(Exercise data)
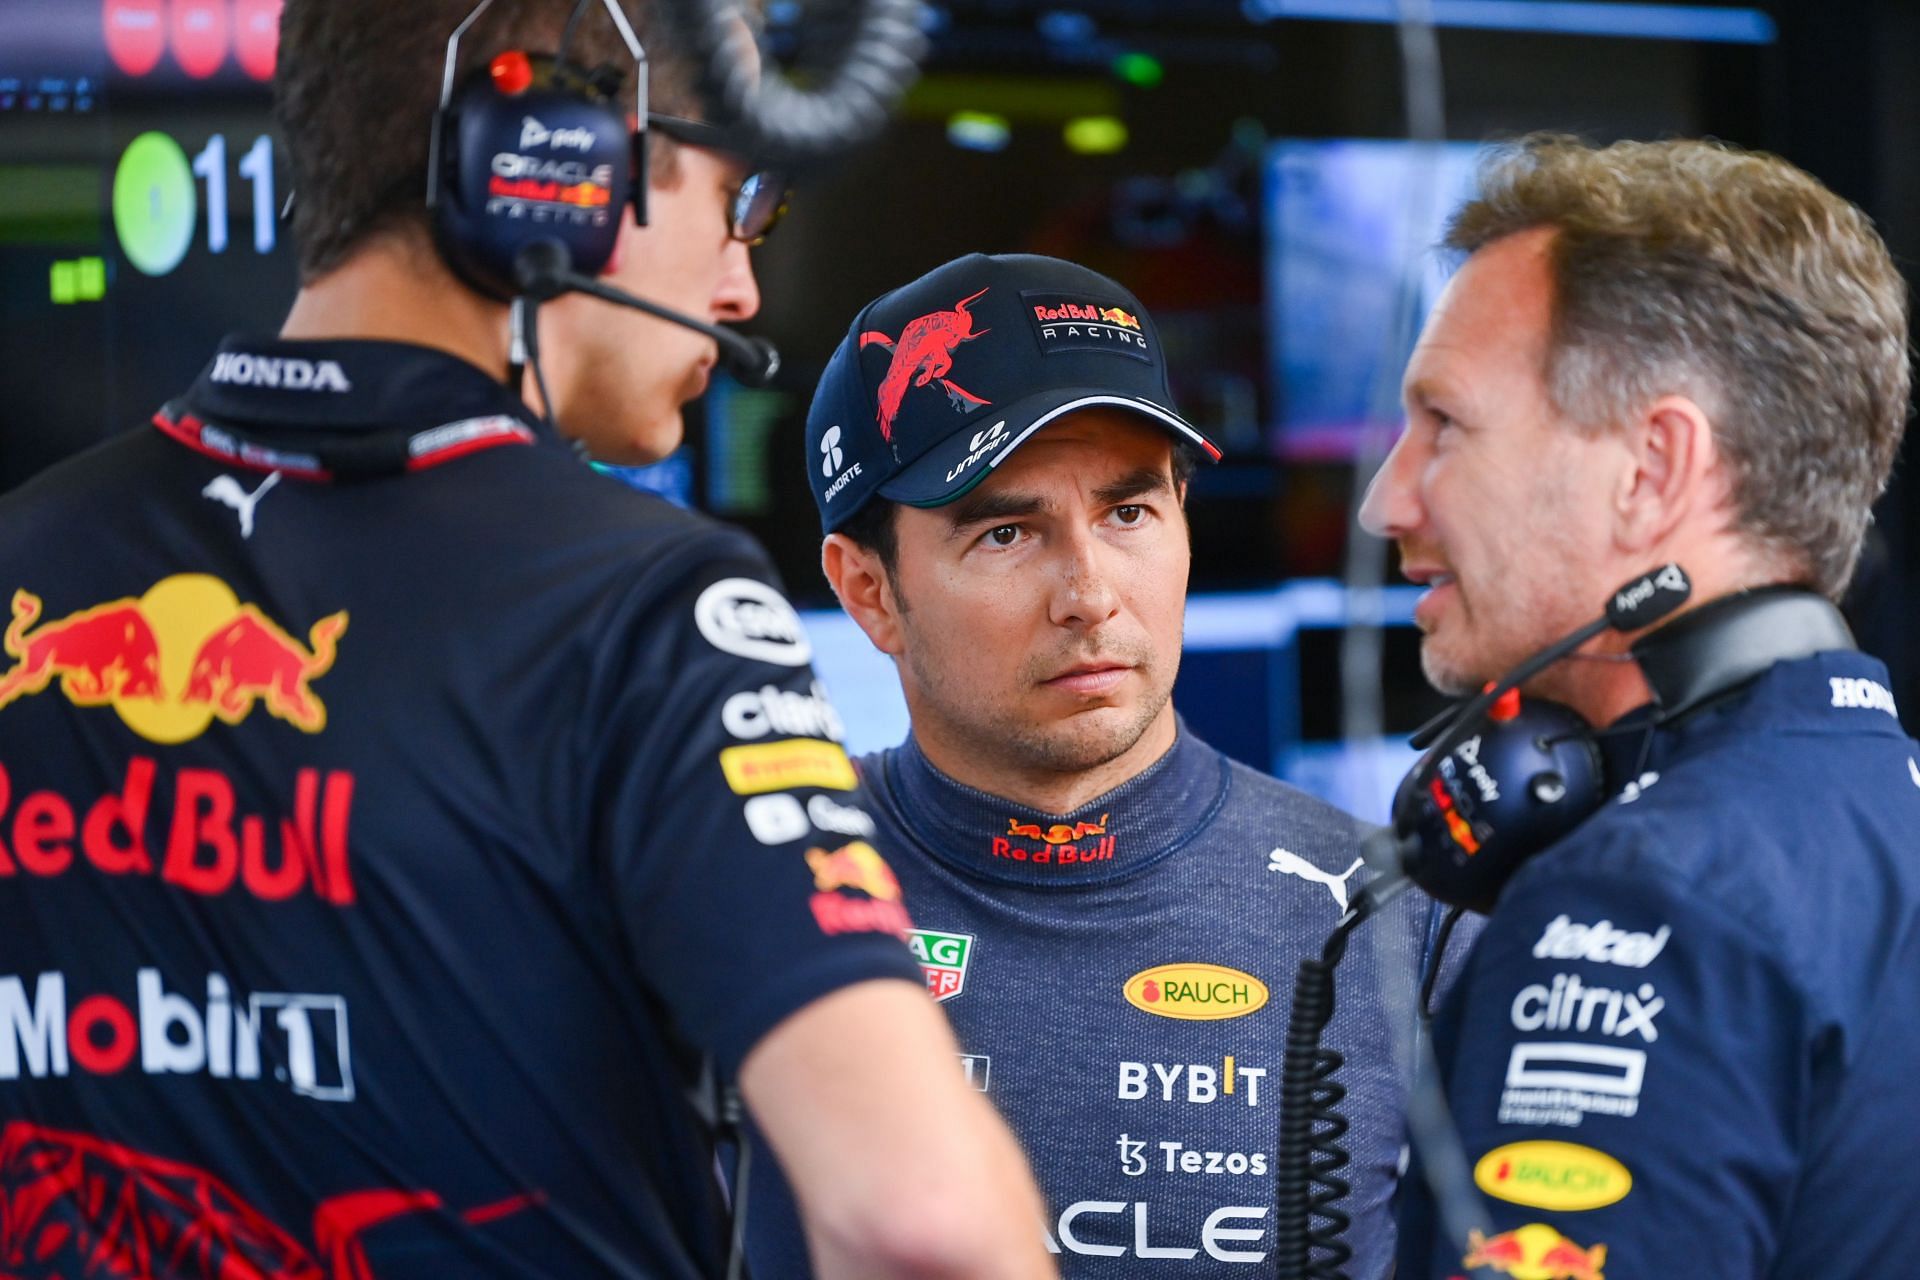 Sergio Perez (middle) and Christian Horner (right) during the F1 Grand Prix of Azerbaijan - Final Practice
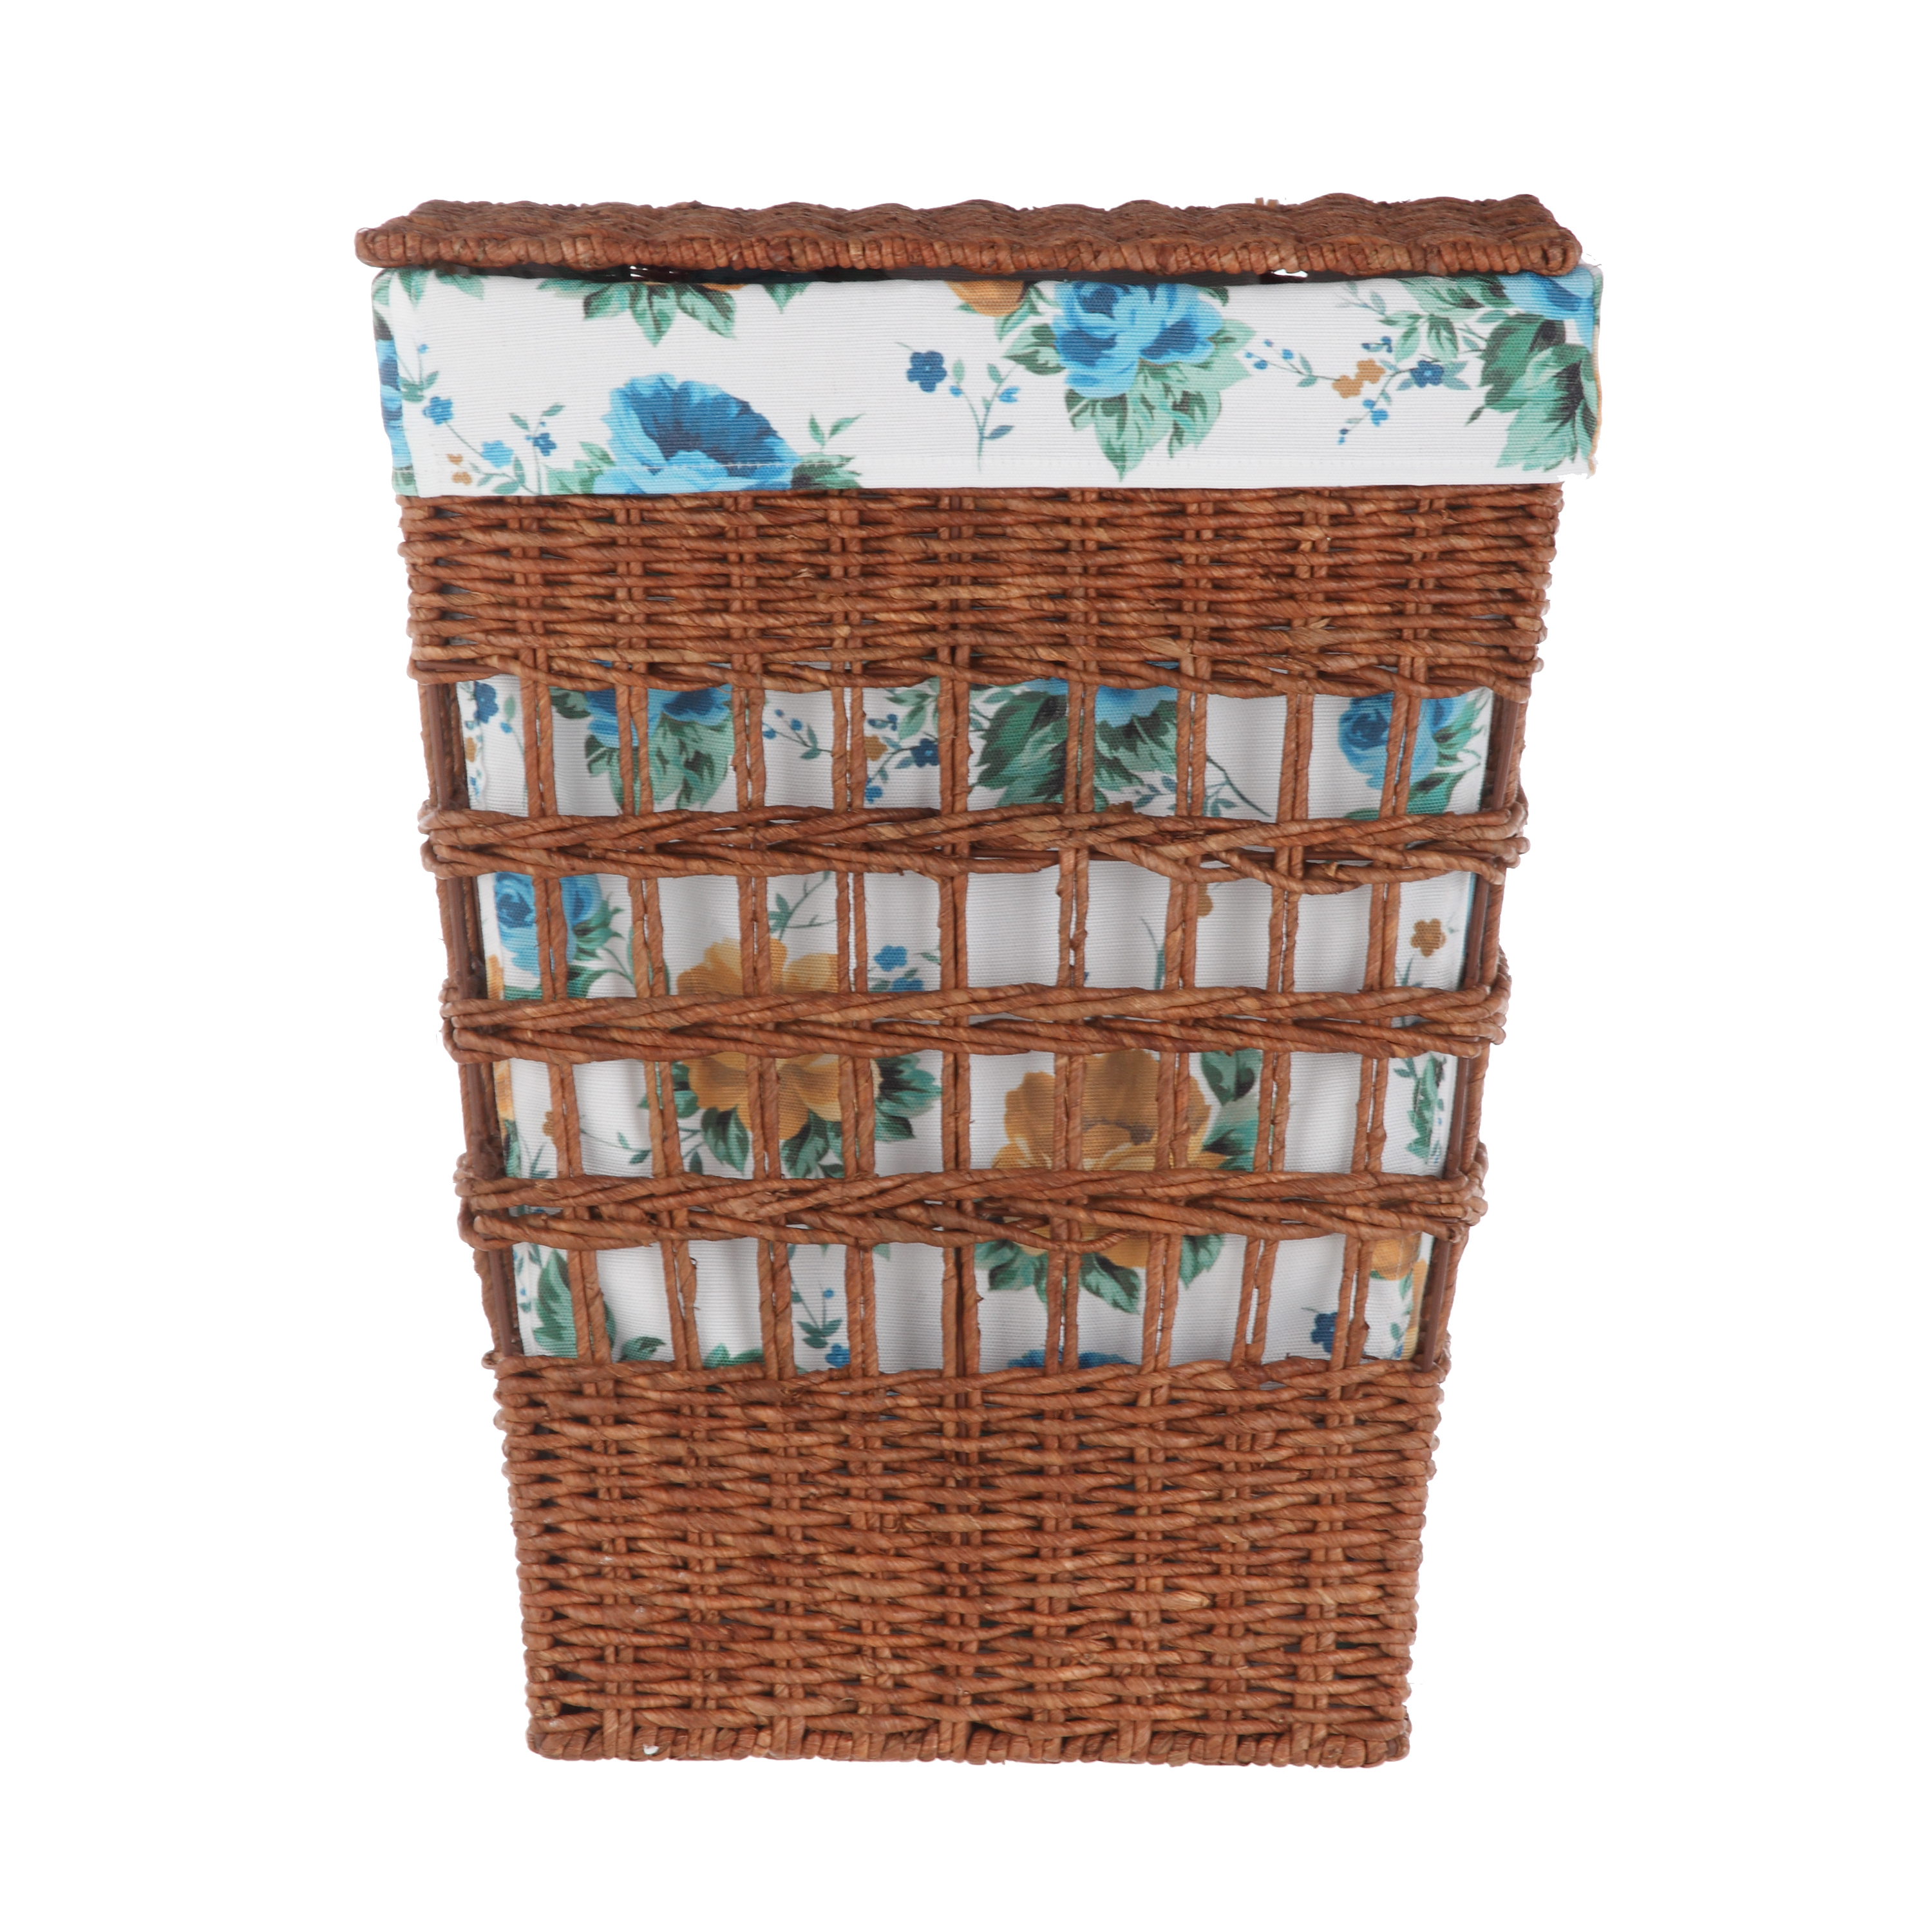 The Pioneer Woman Rose Shadow Maize Laundry Hamper - image 6 of 6
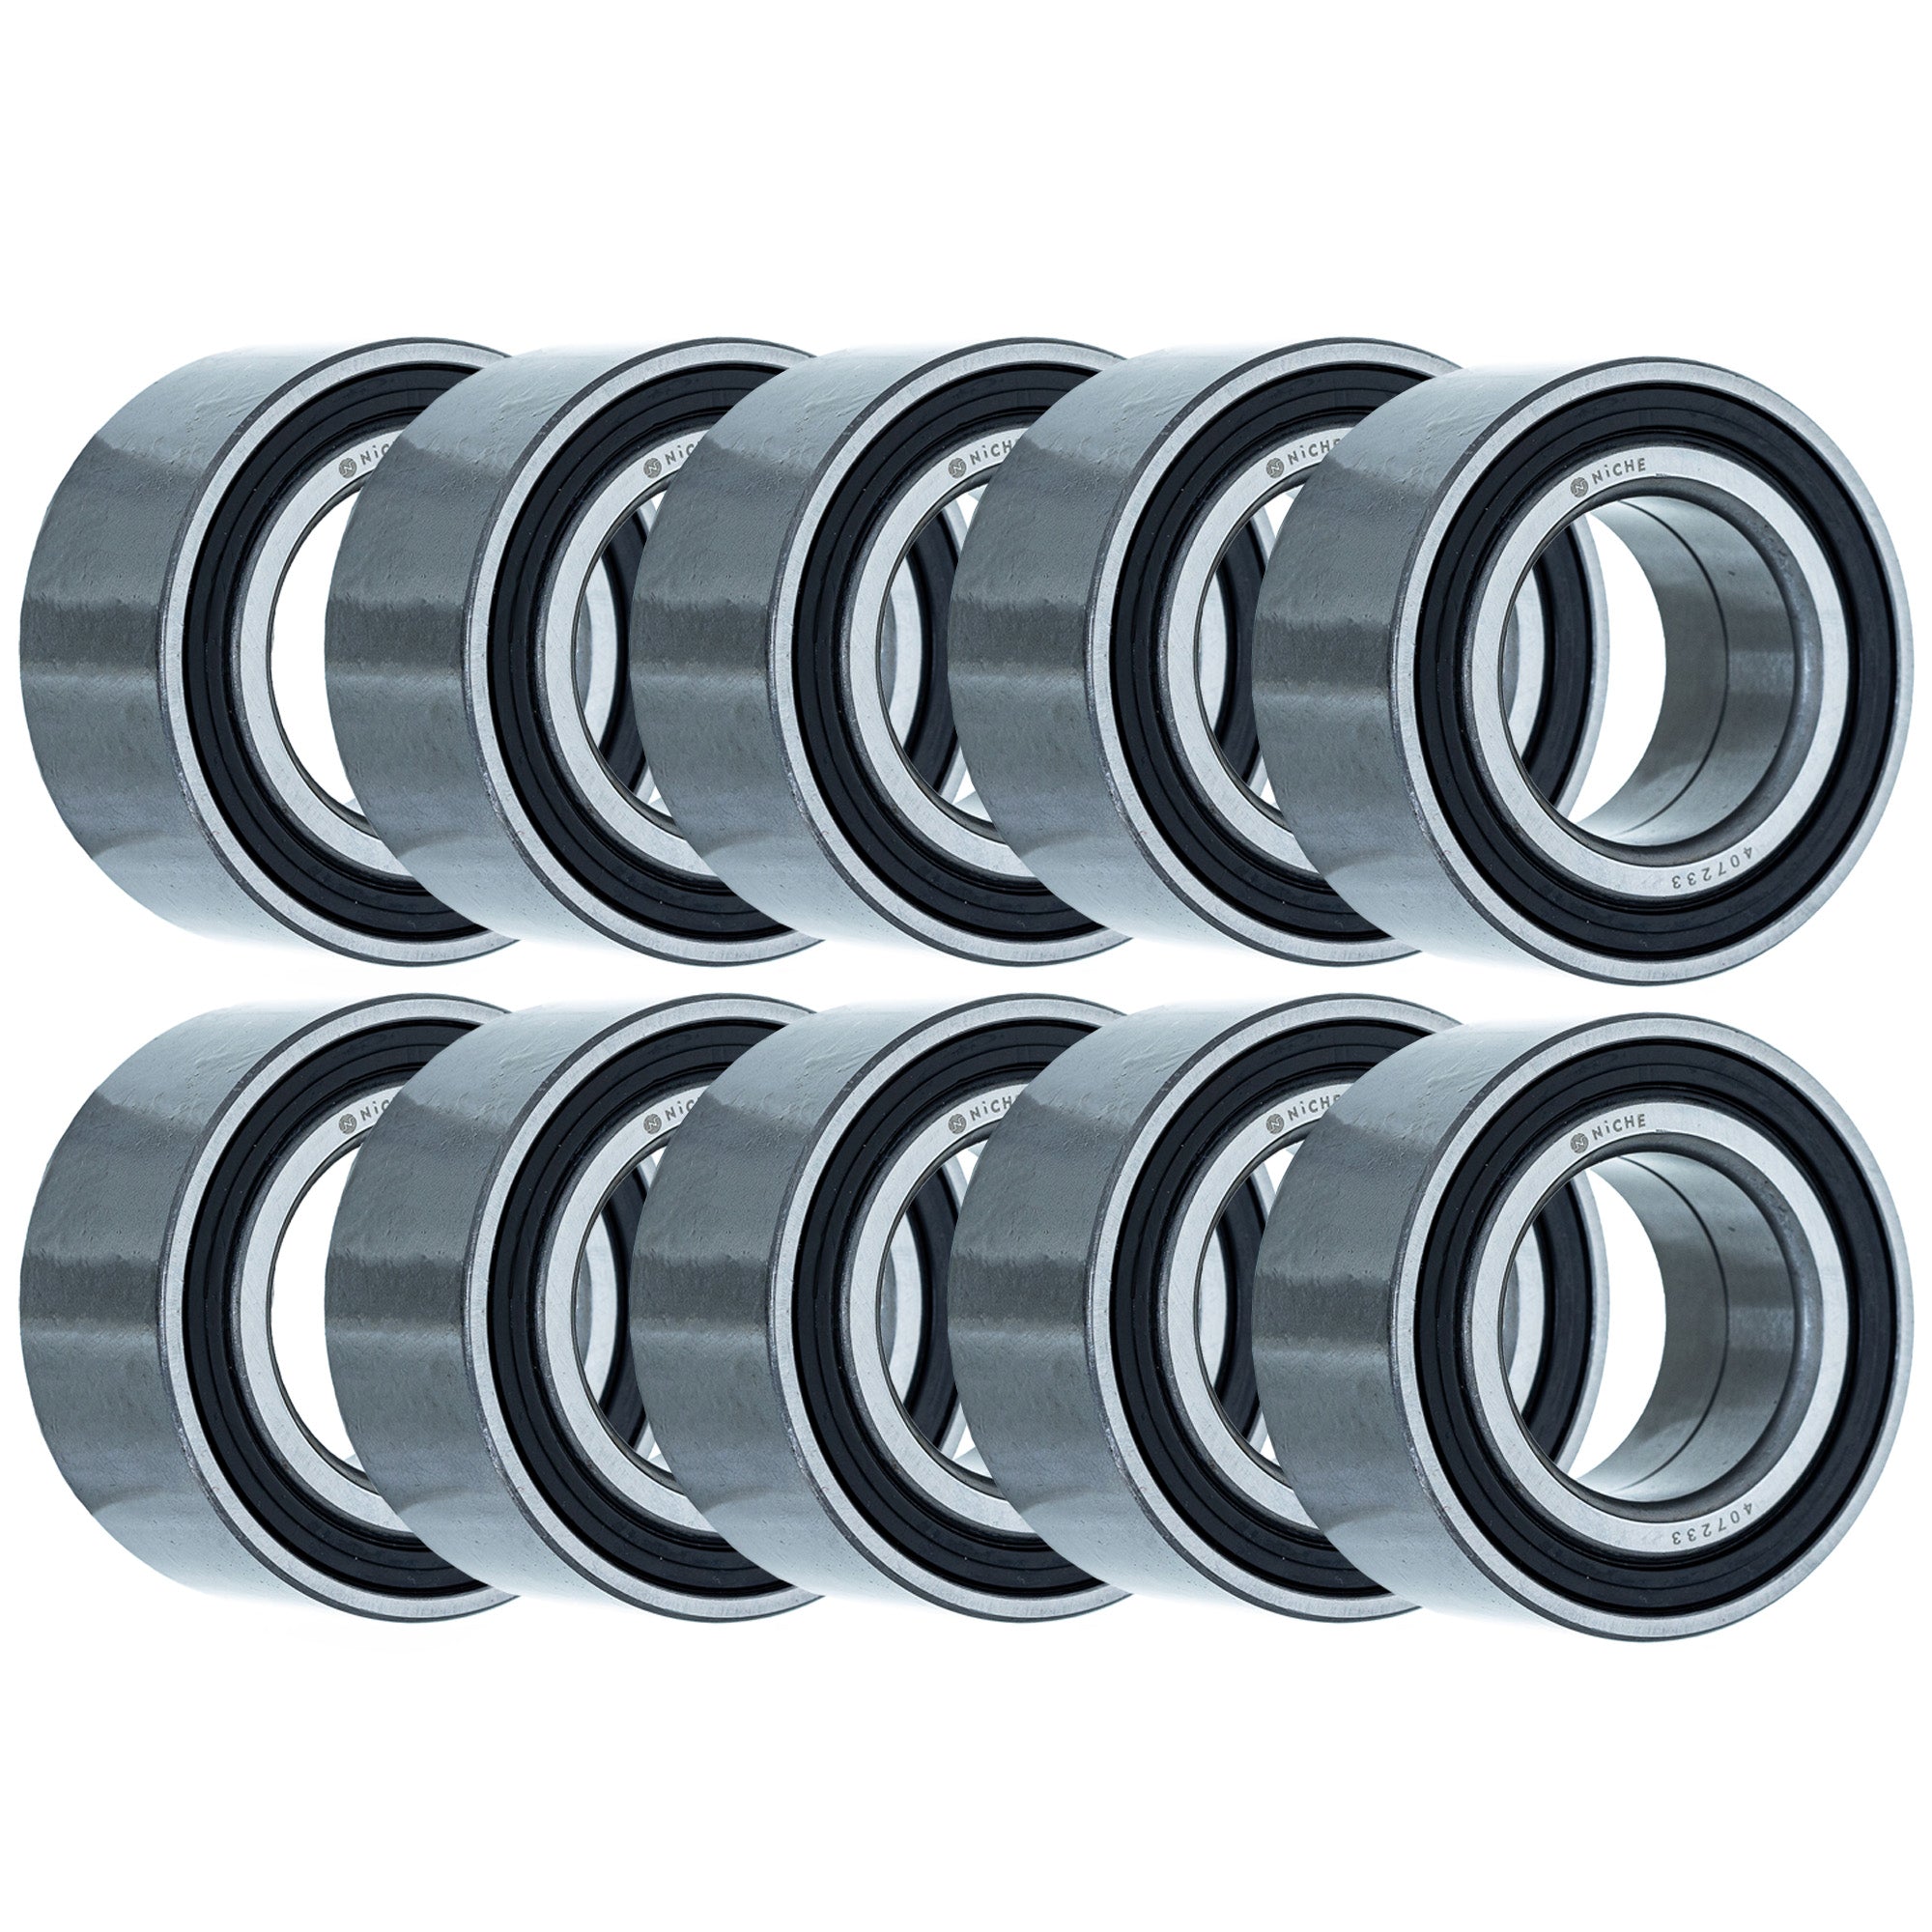 Double Row, Angular Contact, Ball Bearing Pack of 10 10-Pack for zOTHER Polaris RZR NICHE 519-CBB2292R

(What to work on) The whole listing, pictures excluded, should be output exactly.

(Solution)
 Sergio Perez (middle) and Christian Horner (right) during the F1 Grand Prix of Azerbaijan - Final Practice
 The Pioneer Woman Rose Shadow Maize Laundry Hamper - image 6 of 6
 Double Row, Angular Contact, Ball Bearing Pack of 10 10-Pack for zOTHER Polaris RZR NICHE 519-CBB2292R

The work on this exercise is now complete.